This is an example on how you can use R to solve some the exercises in your textbook. You can look at some videos on how to download and install R here: http://dist.stat.tamu.edu/pub/rvideos/
Lets start with exercise A.1 (p.653)
p = seq(from = 0, to = 50, by = 1) # Create p
q = -3 + 1.5 * p # Supply
data.frame(q = q, p = p) # Store p & q in a data frame, and print it out
## q p
## 1 -3.0 0
## 2 -1.5 1
## 3 0.0 2
## 4 1.5 3
## 5 3.0 4
## 6 4.5 5
## 7 6.0 6
## 8 7.5 7
## 9 9.0 8
## 10 10.5 9
## 11 12.0 10
## 12 13.5 11
## 13 15.0 12
## 14 16.5 13
## 15 18.0 14
## 16 19.5 15
## 17 21.0 16
## 18 22.5 17
## 19 24.0 18
## 20 25.5 19
## 21 27.0 20
## 22 28.5 21
## 23 30.0 22
## 24 31.5 23
## 25 33.0 24
## 26 34.5 25
## 27 36.0 26
## 28 37.5 27
## 29 39.0 28
## 30 40.5 29
## 31 42.0 30
## 32 43.5 31
## 33 45.0 32
## 34 46.5 33
## 35 48.0 34
## 36 49.5 35
## 37 51.0 36
## 38 52.5 37
## 39 54.0 38
## 40 55.5 39
## 41 57.0 40
## 42 58.5 41
## 43 60.0 42
## 44 61.5 43
## 45 63.0 44
## 46 64.5 45
## 47 66.0 46
## 48 67.5 47
## 49 69.0 48
## 50 70.5 49
## 51 72.0 50
Lets look at a plot of these two variables.

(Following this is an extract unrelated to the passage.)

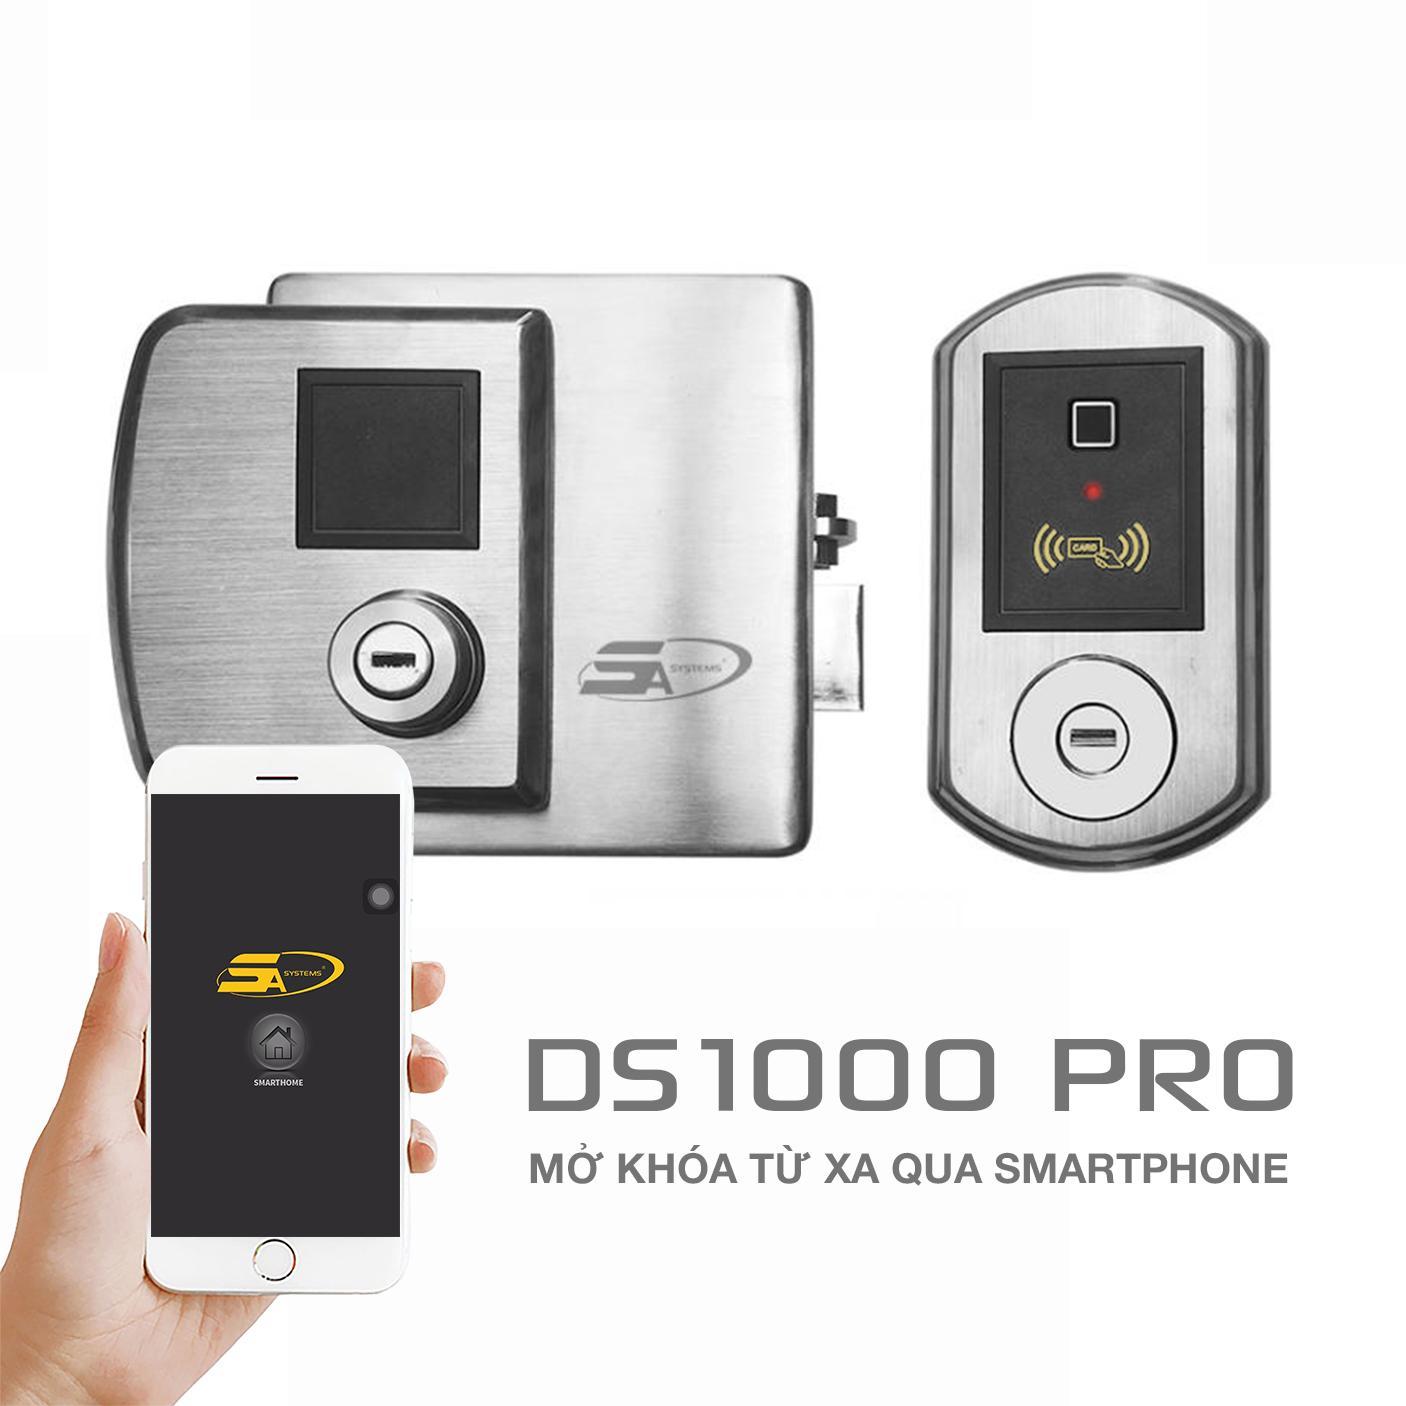 địa chỉ bán KHOÁ CỬA VÂN TAY 5ASYSTEMS 5A DS1000 PRO giá rẻ

The first one is the mathematica perspective where q is on the y-axis:
plot(q ~ p) # Mathematical perspective
The second one is the economic perspective where p is on the y-axis:
plot(p ~ q) # Economic perspective
We could make the plot a bit nicer, adding lables and a solid line.
plot(p ~ q, xlab = "Quantity", ylab = "Price", type = "l")
Another way of doing this, is using the curve() function, but it must contain “x”
curve(-3 + 1.5 * x, 0, 50)
Find the slope by taking the derivative of the function. We call the derivative slope.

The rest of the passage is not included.